Abandonment Risk arises in Project financing. It is the Risk that the project will be abandoned, and arises when the interests of the industrial manager and the bankers diverge. The Project financing contract must lay down clear rules on how decisions affecting the Future of the project are to be taken.

Abeyance

Designates when the ownership of an asset is unknown. Such property is "in abeyance".

Accelerated book-building

Accelerated Book-building is Book-building completed in few hours.
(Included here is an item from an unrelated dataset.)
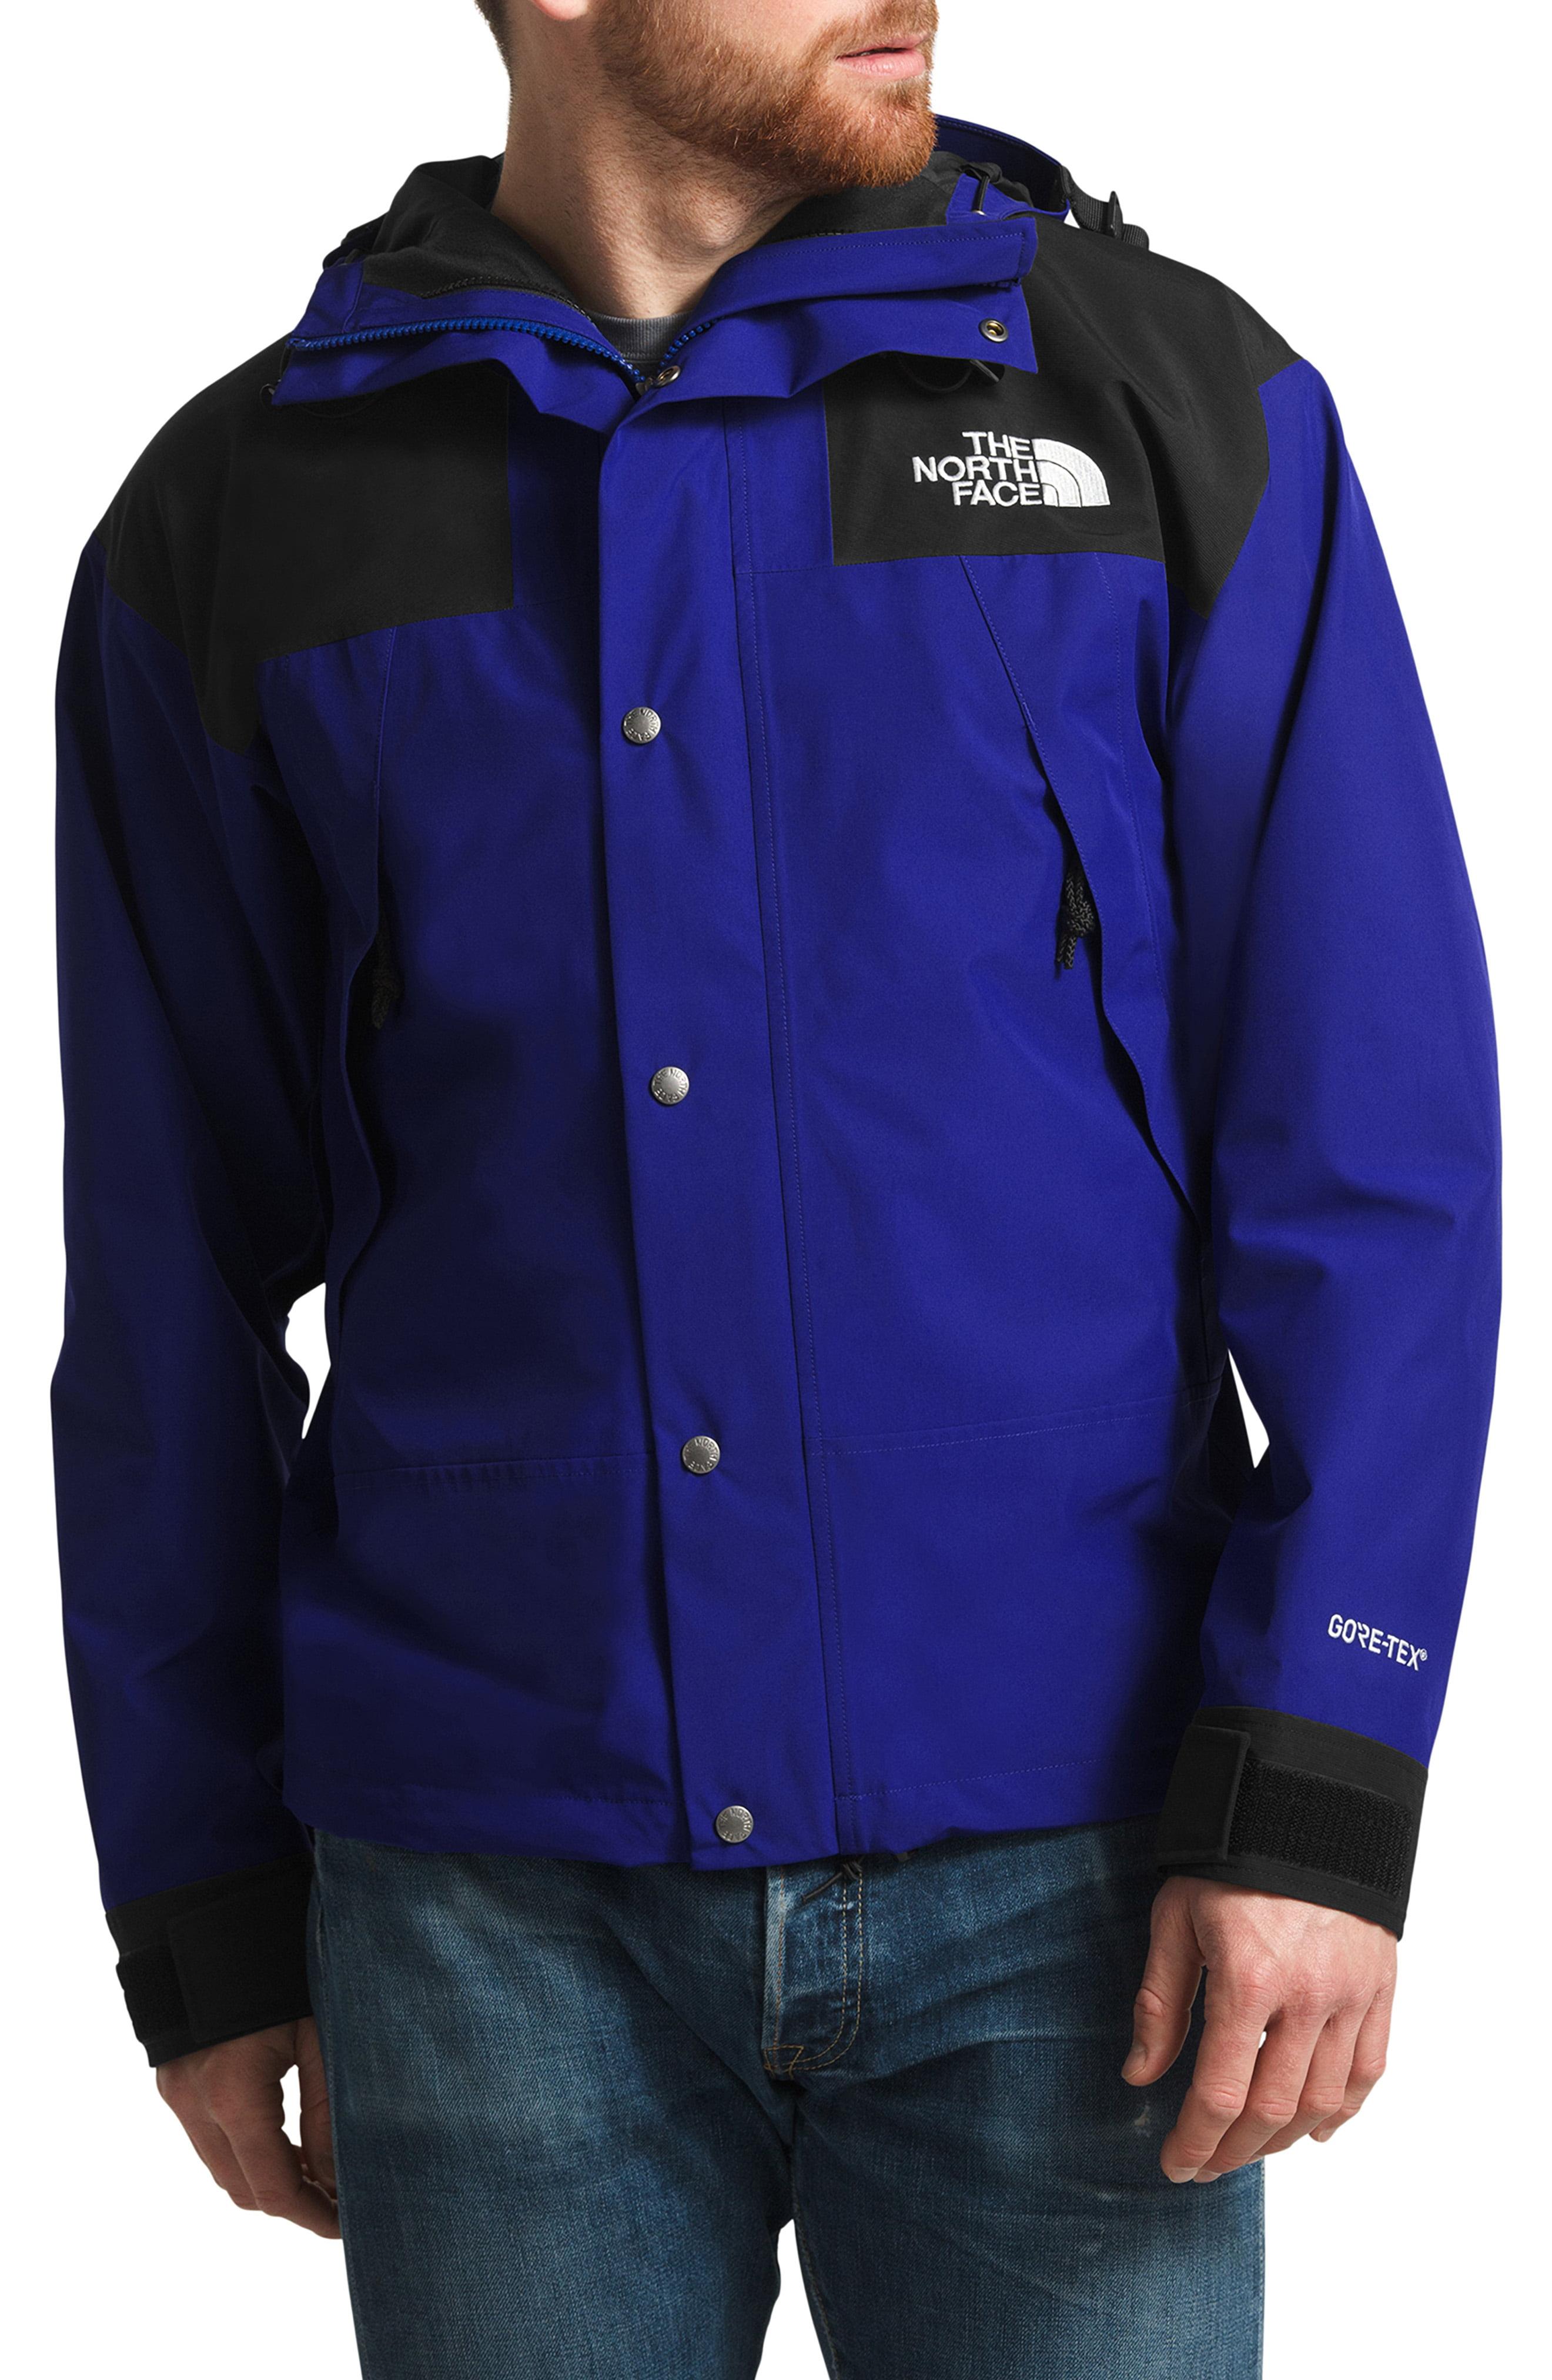 Lyst - The North Face 1990 Mountain Gtx Weatherproof Jacket in Blue for Men

Accelerated Book-building is often used for Block trades.

Account balancing

In account balancing process, cash surpluses are pooled on a daily basis into a concentration account (see Concentration bank) through interbank transfers and are used to finance accounts in Debit.

Account receivable aging

"Account Receivables aging" (also called "account Receivables balance") is a report generated at regular intervals by a company and describing the breakdown of the account Receivables by debtor and due date. This is particularly used in the context of a securitization to detect any adverse evolution in the performance of the securitised portfolio.

Accountant letter

"Accountant letter" (also called "accountant's opinion") is a document produced and signed by the company's accountant (usually every 3 months, 6 months and/or yearly) which certifies that the financial statements he has audited comply with all the applicable accounting standards.
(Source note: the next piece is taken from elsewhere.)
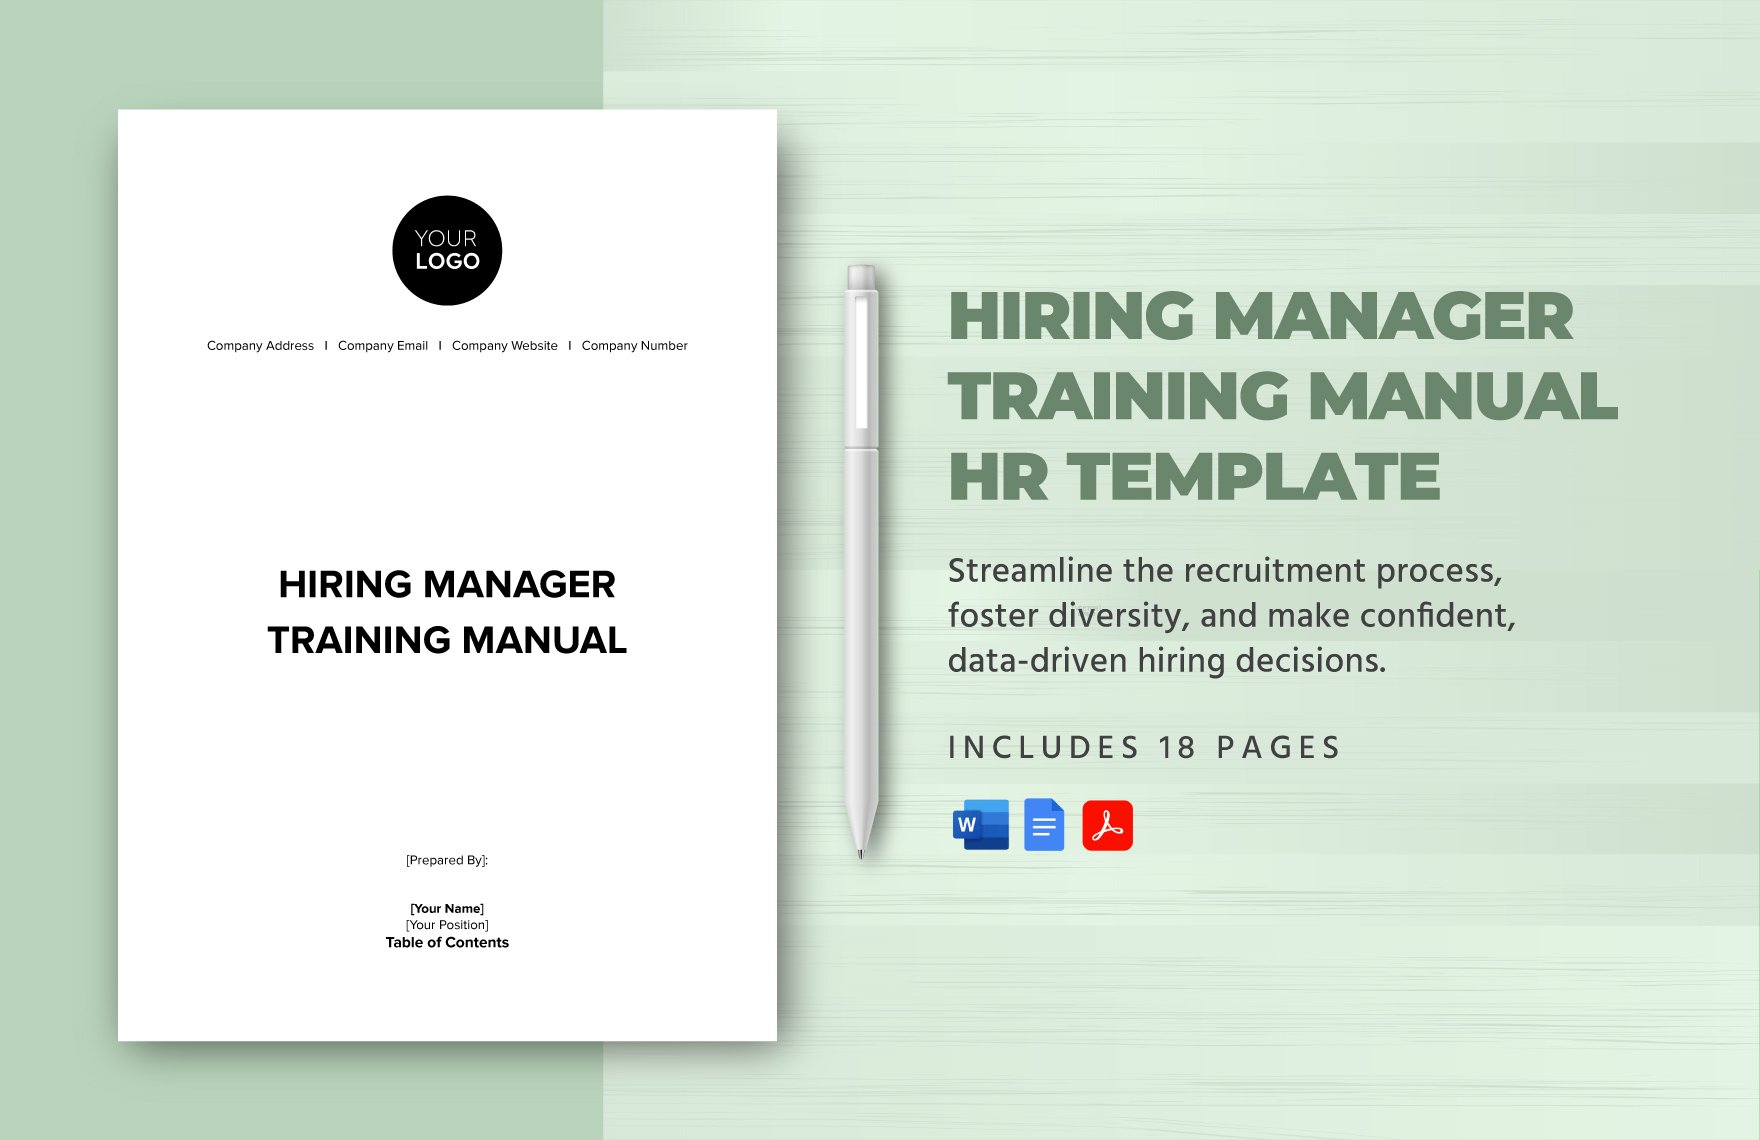 Hiring Manager Training Manual HR Template in Word, Google Docs, PDF

Accounting criteria of value creation

These criteria, which appeared first in Financial communication, include Earnings per Share, Net income, ROE, CFROI, and ROCE. They in fact measure accounting Profitability and not Value creation. The problem of these indicators is that they can be easily manipulated, precisely because of their accounting nature. Accounting nature means not taking into account the Risk of the company and/or its Cost of equity. Only ROCE avoids this bias. This is the reason why ROCE has recently become the main measure of economic performance.

Accounting currency risk

Accounting Currency risk arises from the Consolidation of foreign subsidiaries, including Equity, Dividend flows or financial investments denominated in foreign currencies, and exchange rate discrepancies.

Accounts payable

Accounts payable are calculated as accounts payable and related accounts less advances and deposits paid on orders.

Accounts receivable

Receivables are calculated as follows: Customer Receivables and related accounts + Outstanding bills discounted (see Discounting of bills of exchange) - Advances and deposits on orders being processed.

B

B2B or business-to-business

"B2B" or "business-to-business" designates a company or a transaction which only relates to business entities, as opposed to individual consumers. B2B activities include maintenance of machine-tools or Provision of professional accounting services, whereas retail is business-to-consumers.

 

Supplier's Credit Ghana is B2B Platform.

Back-office

A "back-office" refers to a part of a financial institution or corporation which is responsible for all logistical tasks required to running the corporation itself. Typically, back-office includes IT, accounting, and human resources departments. In financial services companies, IT and Risk management are typically considered as Middle-office.

Bad debt

"Bad Debt" designates a financial asset (such as a loan) which is unlikely to be repaid due to the borrower's low Creditworthiness, and which generally has already fallen into arrears. Also called "Impaired debt" and "Non-performing debt".

C

CAGR or Compound Annual Growth Rate

"Compound Annual Growth Rate" ("CAGR") measures the annual growth percentage of a financial indicator (such as Share price, turnover, EBITDA or Net profit) over a period of several years.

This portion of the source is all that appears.